» DATASET RECORDS

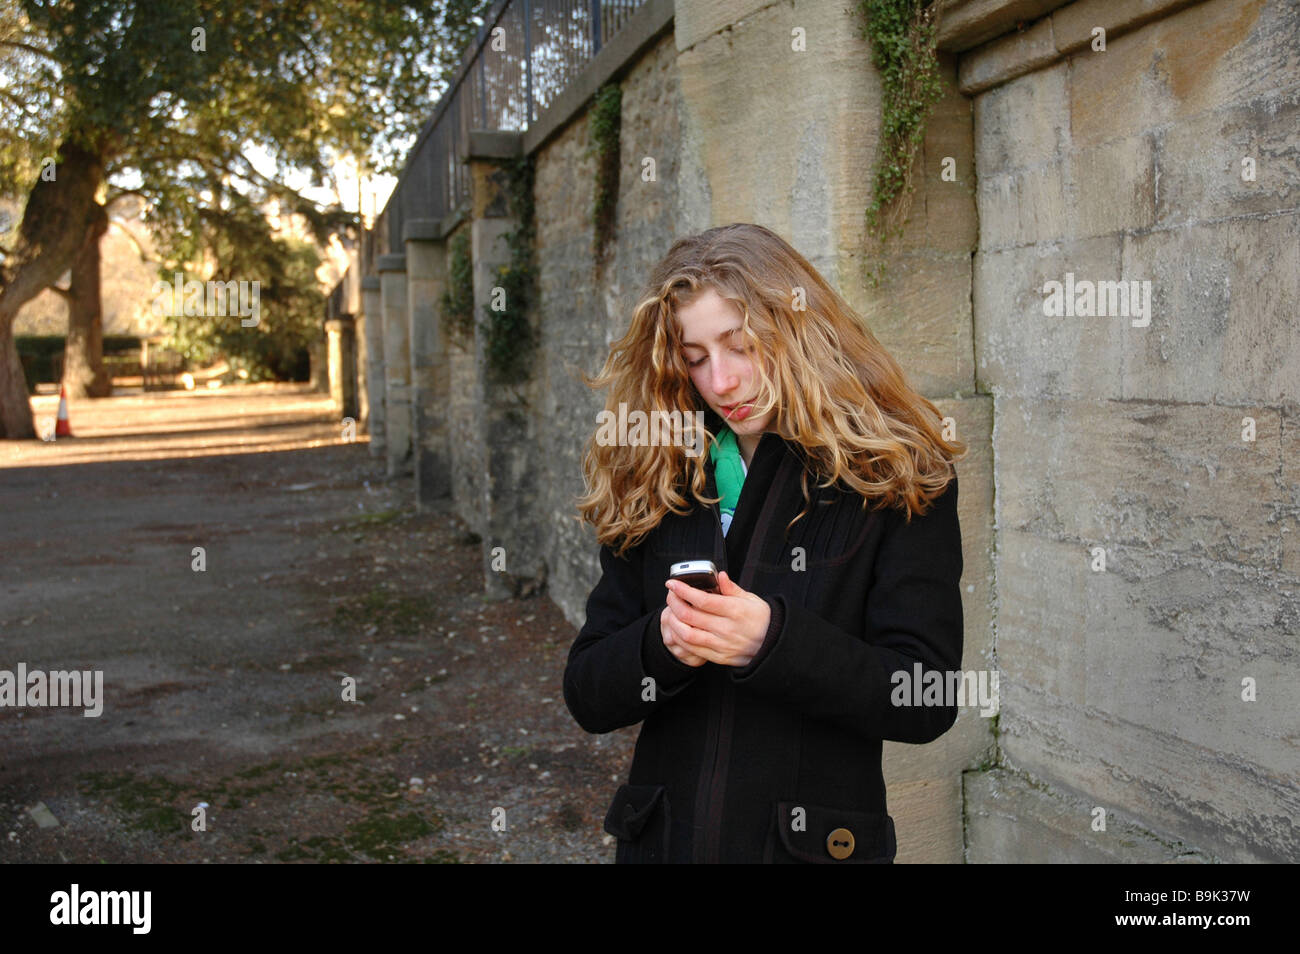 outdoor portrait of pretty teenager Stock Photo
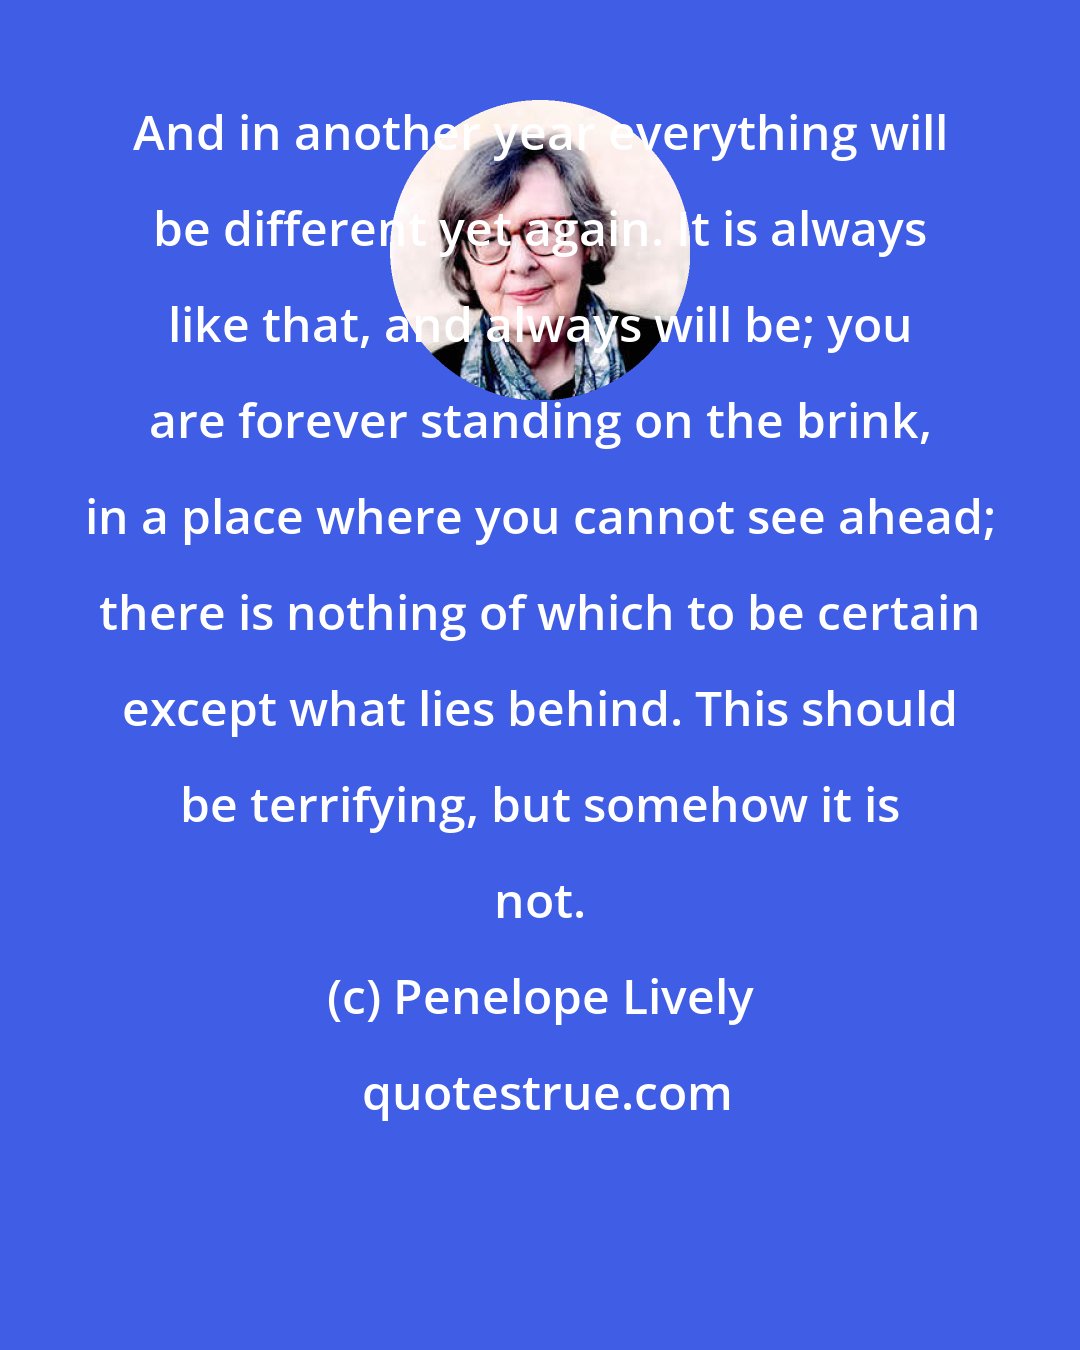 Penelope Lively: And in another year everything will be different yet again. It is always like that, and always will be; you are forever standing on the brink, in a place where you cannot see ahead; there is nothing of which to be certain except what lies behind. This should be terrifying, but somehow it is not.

---

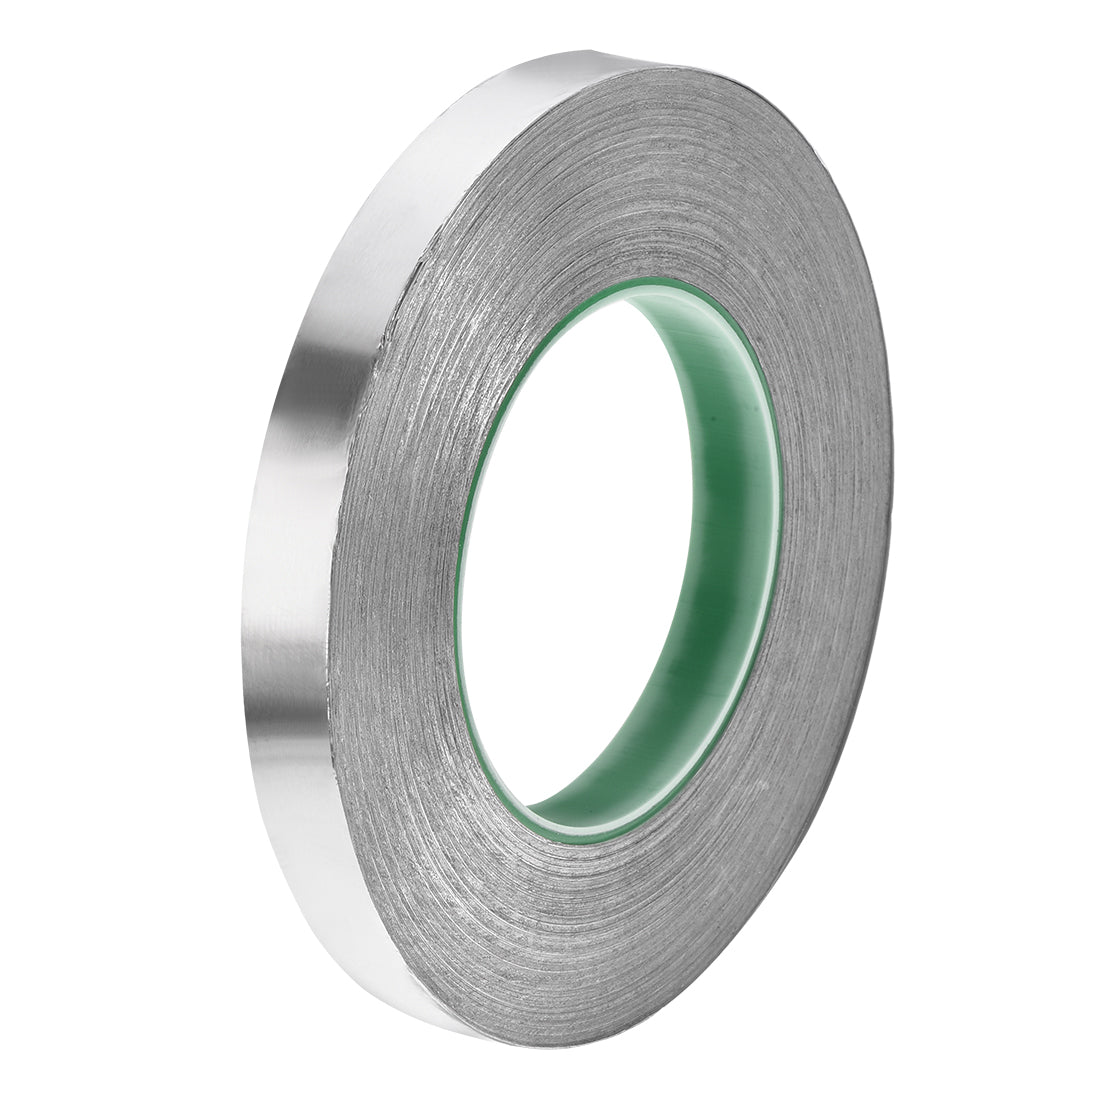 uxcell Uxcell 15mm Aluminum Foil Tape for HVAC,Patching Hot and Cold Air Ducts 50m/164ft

» EXERCISE INSTRUCTIONS
Reproduce exactly the lines above that run from the one with "outdoor portrait of" to the one with "Penelope Lively: And", both included, leaving pictures out.

» TASK ANSWER
 outdoor portrait of pretty teenager Stock Photo
 Penelope Lively: And in another year everything will be different yet again. It is always like that, and always will be; you are forever standing on the brink, in a place where you cannot see ahead; there is nothing of which to be certain except what lies behind. This should be terrifying, but somehow it is not.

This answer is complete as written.